通常，Python 参数用于控制超参数和计算图构造，例如 `num_layers=10`、`training=True` 或 `nonlinearity='relu'`。所以，如果 Python 参数改变，则有必要回溯计算图。

However, it's possible that a Python argument is not being used to control graph construction. In these cases, a change in the Python value can trigger needless retracing. Take, for example, this training loop, which AutoGraph will dynamically unroll. Despite the multiple traces, the generated graph is actually identical, so retracing is unnecessary.

In [None]:
def train_one_step():
  pass

@tf.function
def train(num_steps):
  print("Tracing with num_steps = ", num_steps)
  tf.print("Executing with num_steps = ", num_steps)
  for _ in tf.range(num_steps):
    train_one_step()

print("Retracing occurs for different Python arguments.")
train(num_steps=10)
train(num_steps=20)

print()
print("Traces are reused for Tensor arguments.")
train(num_steps=tf.constant(10))
train(num_steps=tf.constant(20))

If you need to force retracing, create a new `Function`. Separate `Function` objects are guaranteed not to share traces.

In [None]:
def f():
  print('Tracing!')
  tf.print('Executing')

tf.function(f)()
tf.function(f)()

#### 使用跟踪协议

在可能的情况下，您应当首选将 Python 类型转换为 `tf.experimental.ExtensionType`。此外，`ExtensionType` 的 `TraceType` 是与其关联的 `tf.TypeSpec`。因此，如果需要，您只需重写默认的 `tf.TypeSpec` 即可控制 `ExtensionType` 的 `Tracing Protocol`。请参阅[扩展程序类型](extension_type.ipynb)指南中的*自定义 ExtensionType 的 TypeSpec*部分以了解详情。
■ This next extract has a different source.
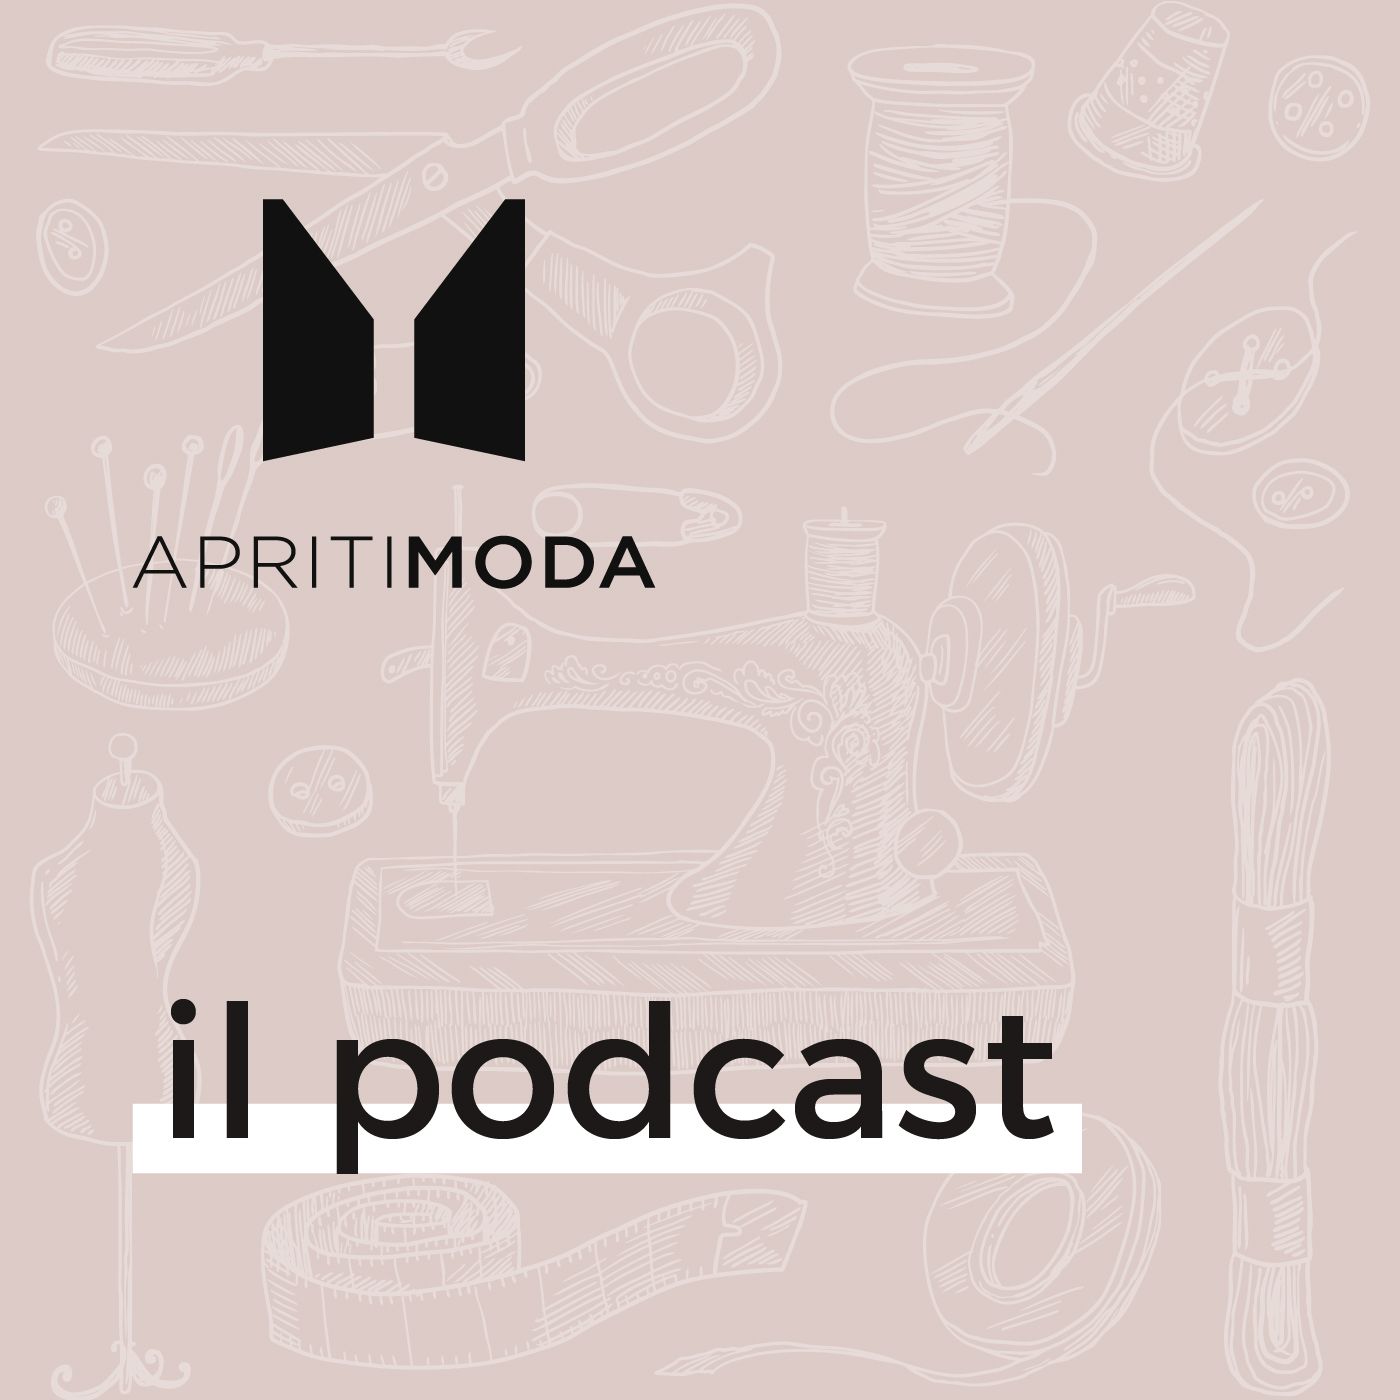 Dr Podcast - ApritiModa

否则，要直接控制 `Function` 何时应针对特定 Python 类型进行重新跟踪，您可以自行为其实现 `Tracing Protocol`。

In [None]:
@tf.function
def get_mixed_flavor(fruit_a, fruit_b):
  return fruit_a.flavor + fruit_b.flavor

class Fruit:
  flavor = tf.constant([0, 0])

class Apple(Fruit):
  flavor = tf.constant([1, 2])

class Mango(Fruit):
  flavor = tf.constant([3, 4])

# As described in the above rules, a generic TraceType for `Apple` and `Mango`
# is generated (and a corresponding ConcreteFunction is traced) but it fails to 
# match the second function call since the first pair of Apple() and Mango() 
# have gone out out of scope by then and deleted.
get_mixed_flavor(Apple(), Mango()) # Traces a new concrete function
get_mixed_flavor(Apple(), Mango()) # Traces a new concrete function again

# However, each subclass of the `Fruit` class has a fixed flavor, and you
# can reuse an existing traced concrete function if it was the same
# subclass. Avoiding such unnecessary tracing of concrete functions
# can have significant performance benefits.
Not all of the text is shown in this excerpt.